The investigation has also reached into France’s political class. In February, financial crimes prosecutors opened a preliminary investigation into former culture minister Jack Lang and his daughter Caroline over suspected financial ties to Epstein. Lang, 86, has denied knowledge of Epstein’s crimes and resisted calls to resign as head of the Arab World Institute in Paris, according to Le Monde.
No One Questioned Yet
Despite the growing list of victims and leads, Beccuau was candid about the investigation’s current stage. “None of the people who could potentially be implicated have been questioned” so far, she said.
That detail underscores both the scale of the task and its early phase. The magistrates must first centralize and cross-reference the massive dataset before they can begin calling in suspects. The international dimension — victims scattered across borders, evidence spanning multiple jurisdictions — adds layers of complexity.

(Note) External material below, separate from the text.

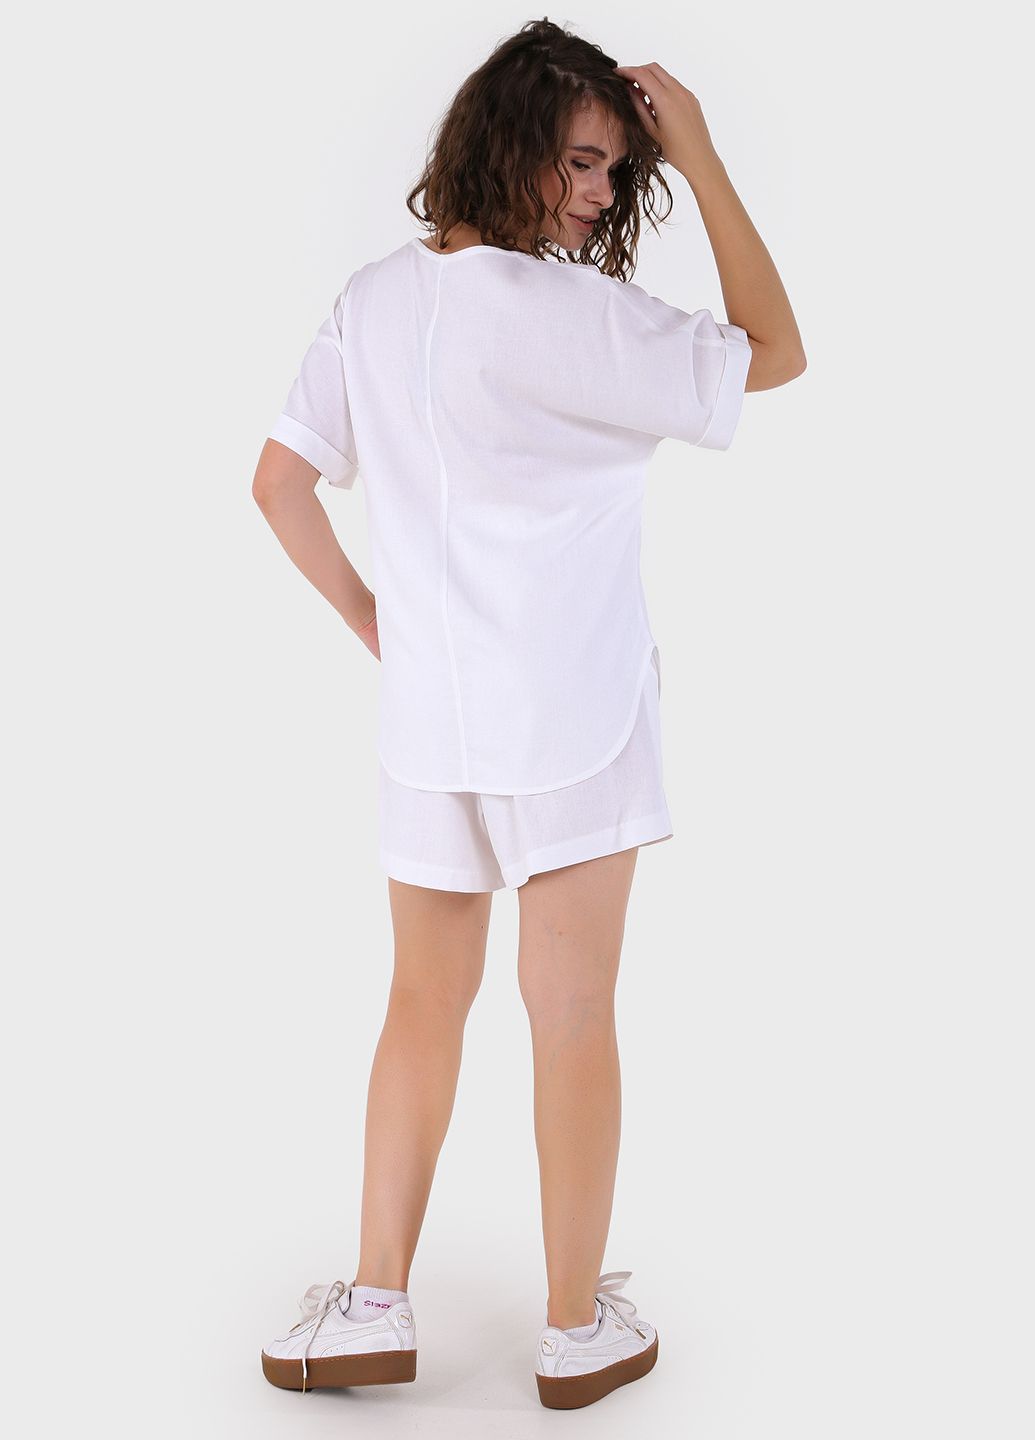 Купить Льняные шорты женские бермуды белого цвета Merlini Турин 300000045, размер 42-44 в интернет-магазине

The broader picture is one of accountability inching forward, years after Epstein’s death made a criminal trial against him impossible. His 2008 guilty plea, for procuring a girl under 18 for prostitution, earned him just 13 months in custody. Ghislaine Maxwell, convicted of trafficking underage girls for Epstein, is serving a 20-year sentence.
France’s investigation is one of several still unfolding internationally. What distinguishes it is the methodical, deliberate pace — and the fact that, more than half a decade after Epstein died, new victims are still finding their way to investigators.